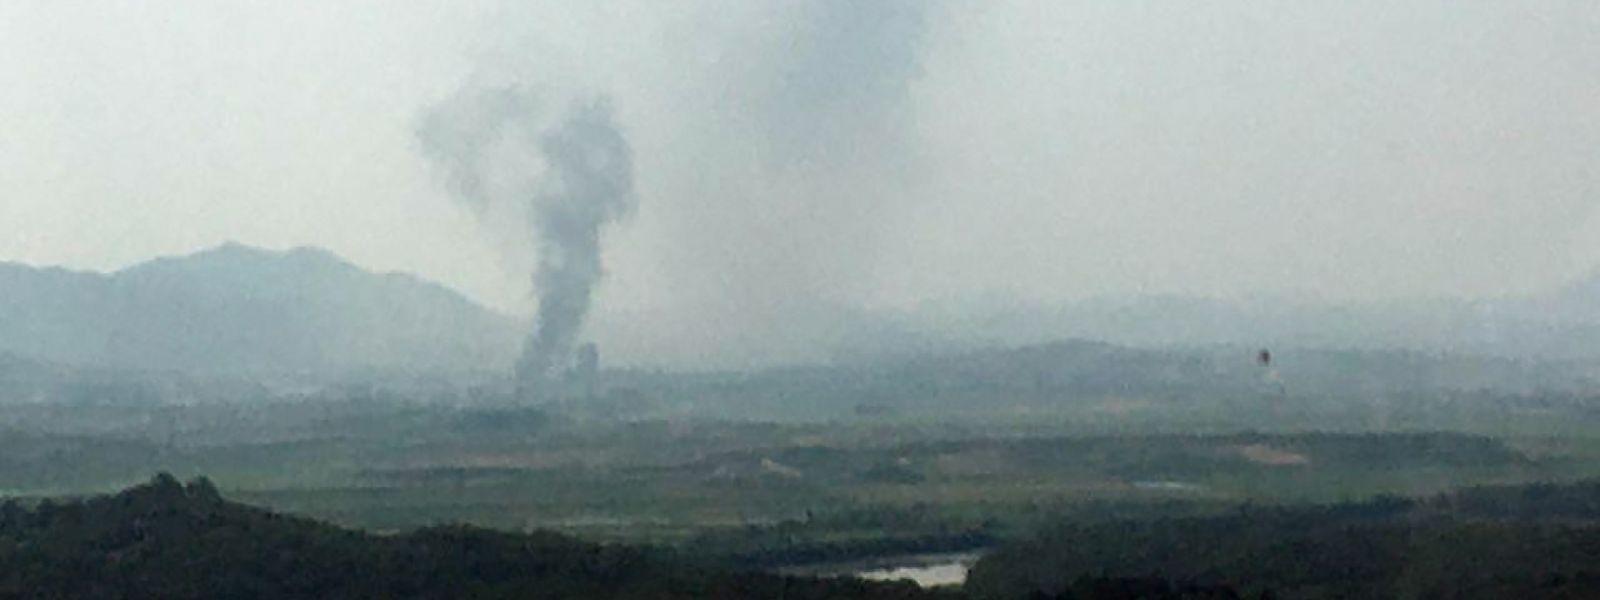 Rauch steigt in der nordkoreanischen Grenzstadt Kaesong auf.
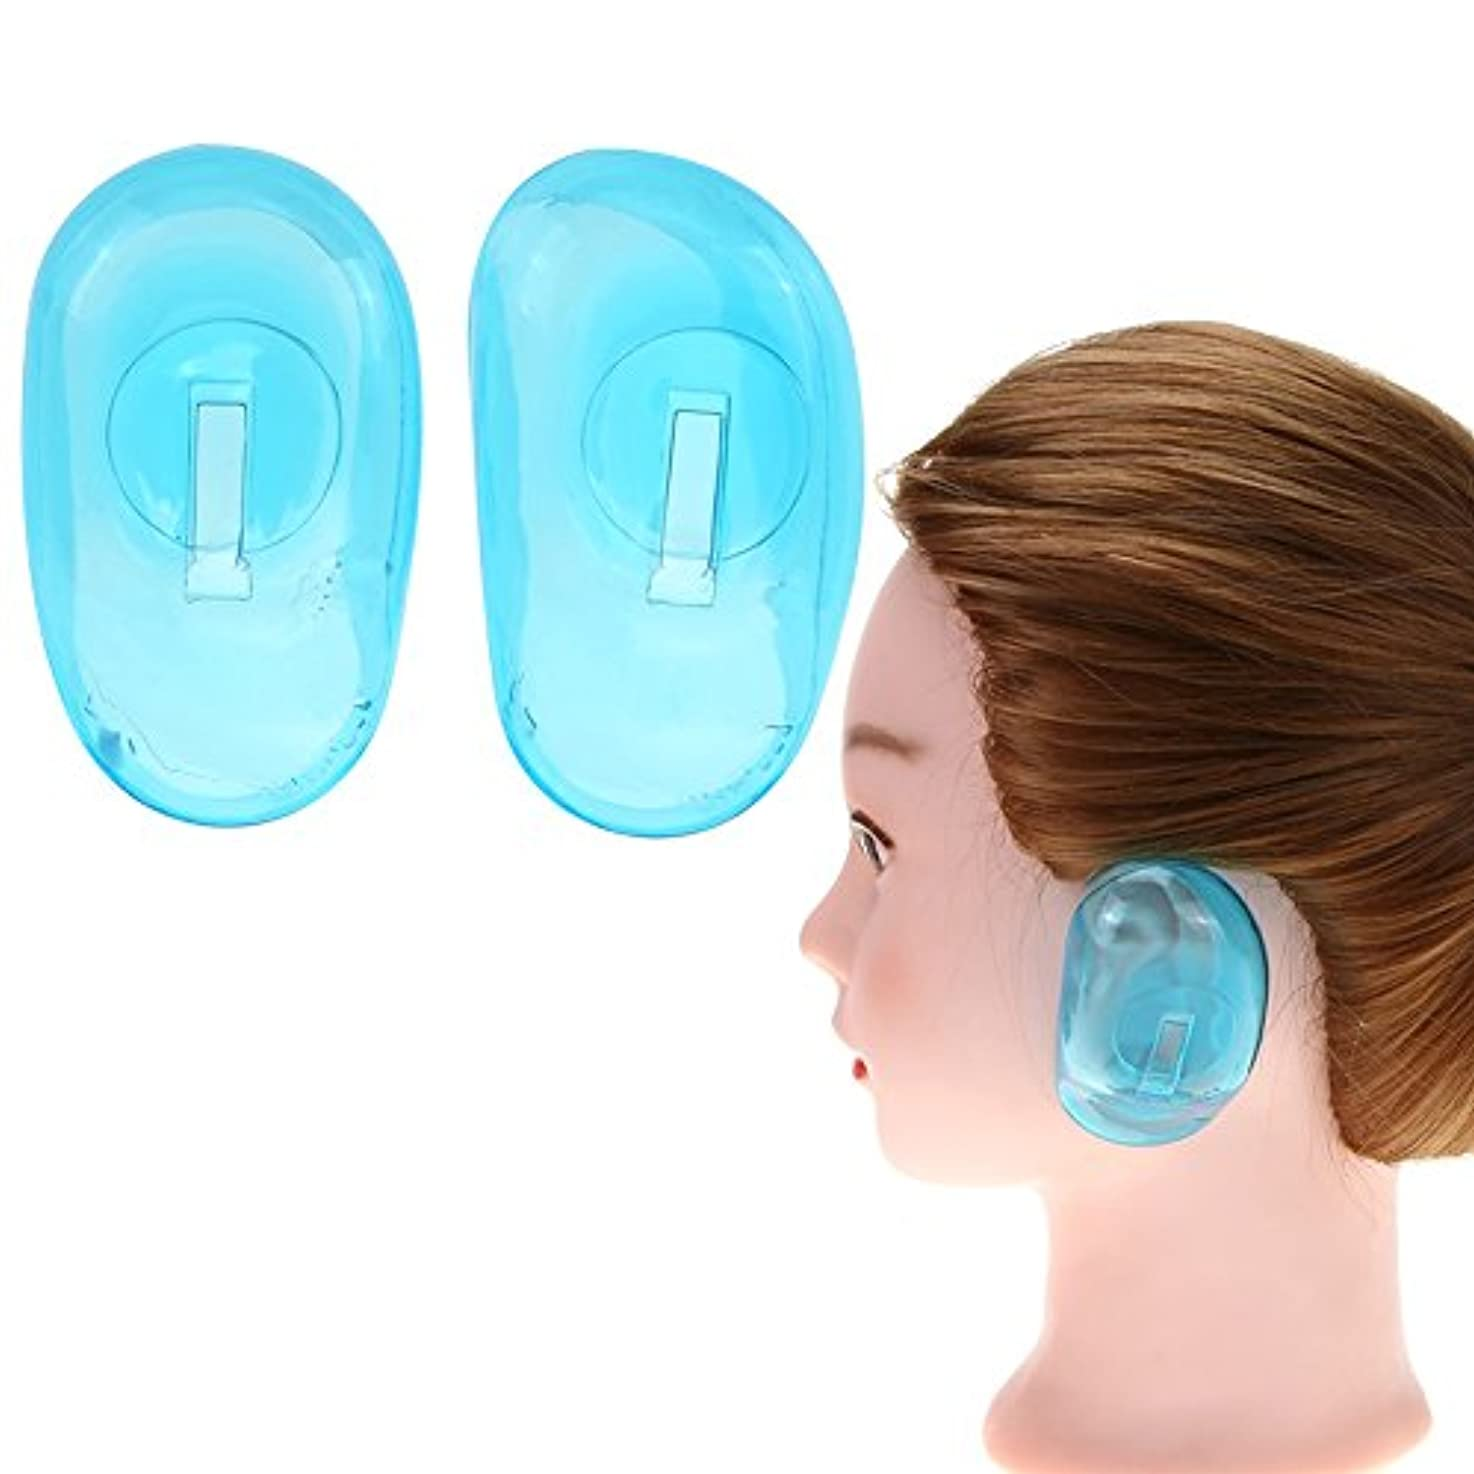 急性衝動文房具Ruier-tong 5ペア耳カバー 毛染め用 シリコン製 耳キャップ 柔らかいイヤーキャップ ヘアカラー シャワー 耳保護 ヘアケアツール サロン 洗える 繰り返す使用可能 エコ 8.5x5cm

* * *

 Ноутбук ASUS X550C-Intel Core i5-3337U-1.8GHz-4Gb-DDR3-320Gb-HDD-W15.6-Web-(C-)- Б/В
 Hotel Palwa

==

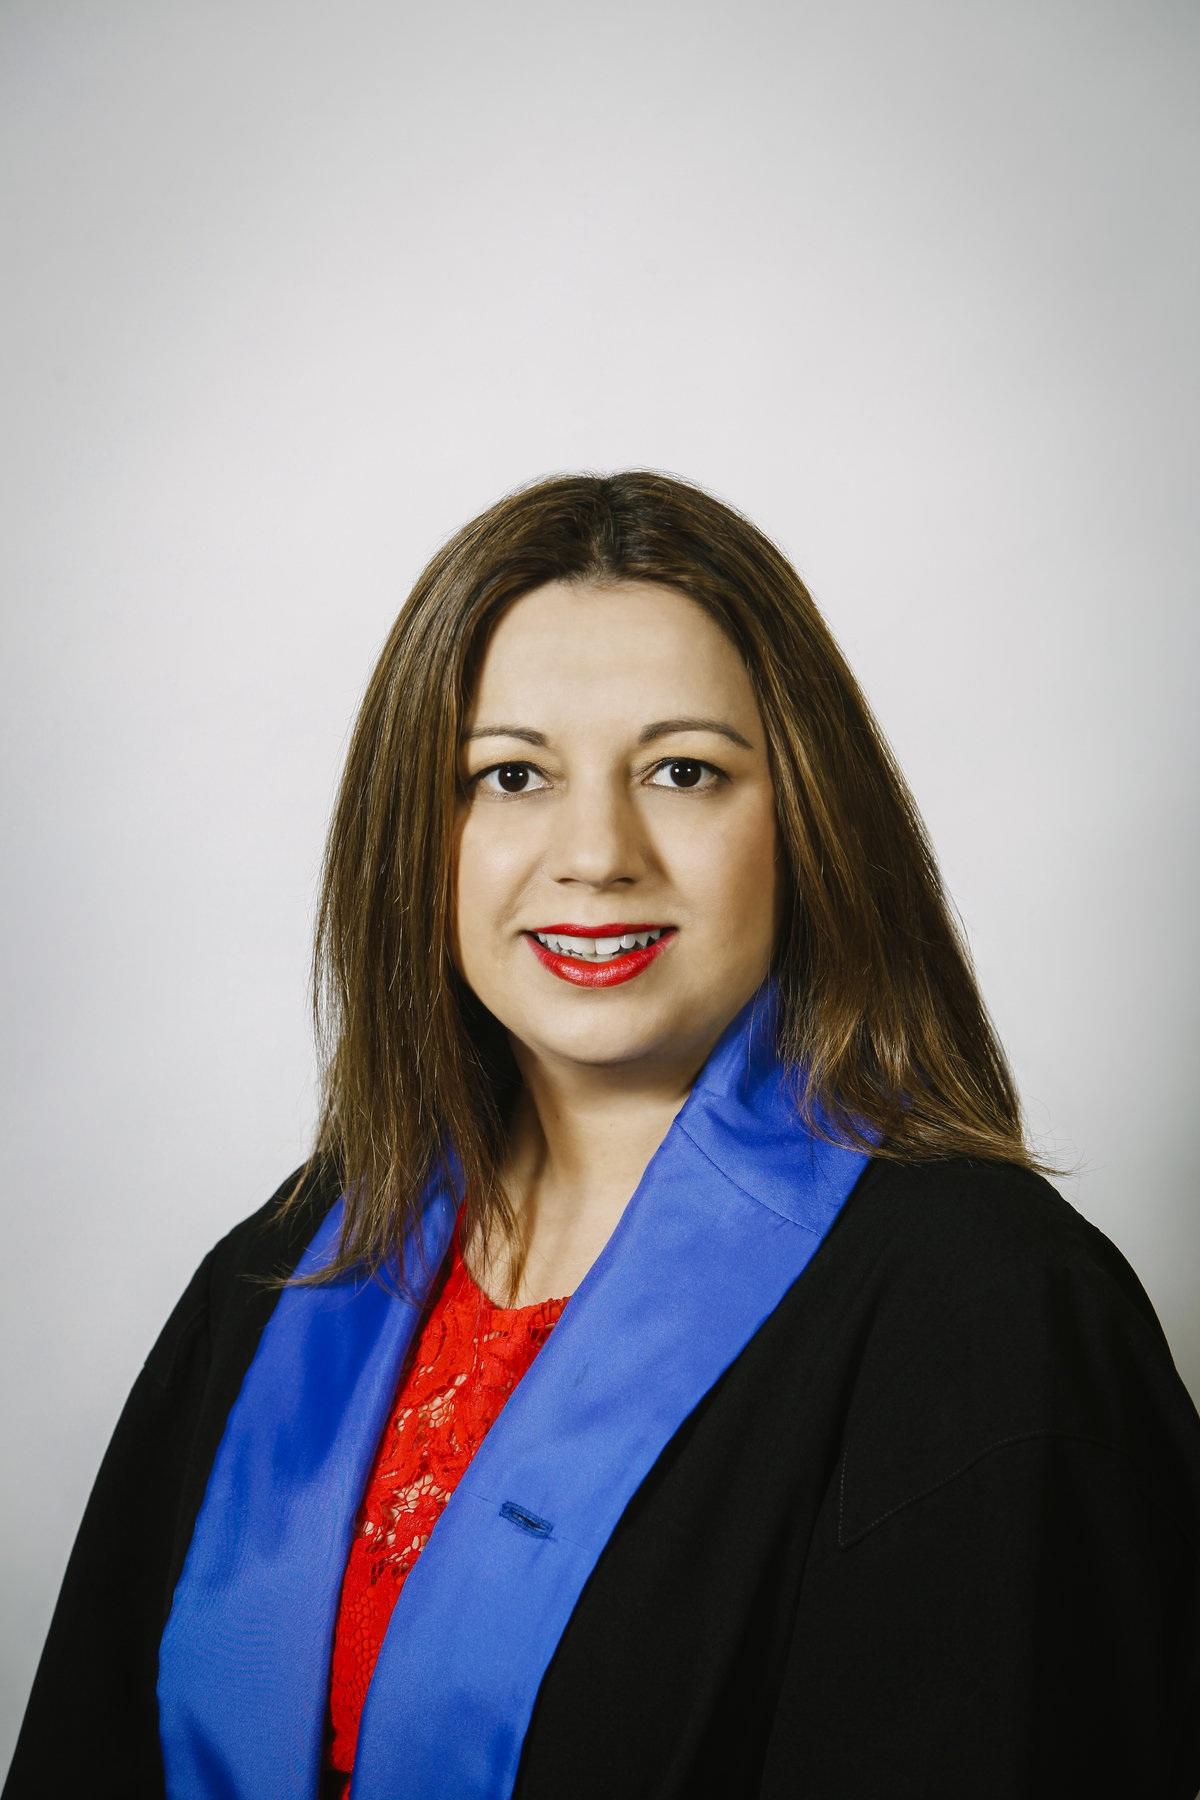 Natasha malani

→ Directions: Starting at the line with "Rauch steigt in" and finishing at the line with "急性衝動文房具Ruier-tong 5ペア耳カバー 毛染め用", copy the material above exactly, both lines included. Nothing else goes in, and no pictures.

→ Answer to this problem:
 Rauch steigt in der nordkoreanischen Grenzstadt Kaesong auf.
 急性衝動文房具Ruier-tong 5ペア耳カバー 毛染め用 シリコン製 耳キャップ 柔らかいイヤーキャップ ヘアカラー シャワー 耳保護 ヘアケアツール サロン 洗える 繰り返す使用可能 エコ 8.5x5cm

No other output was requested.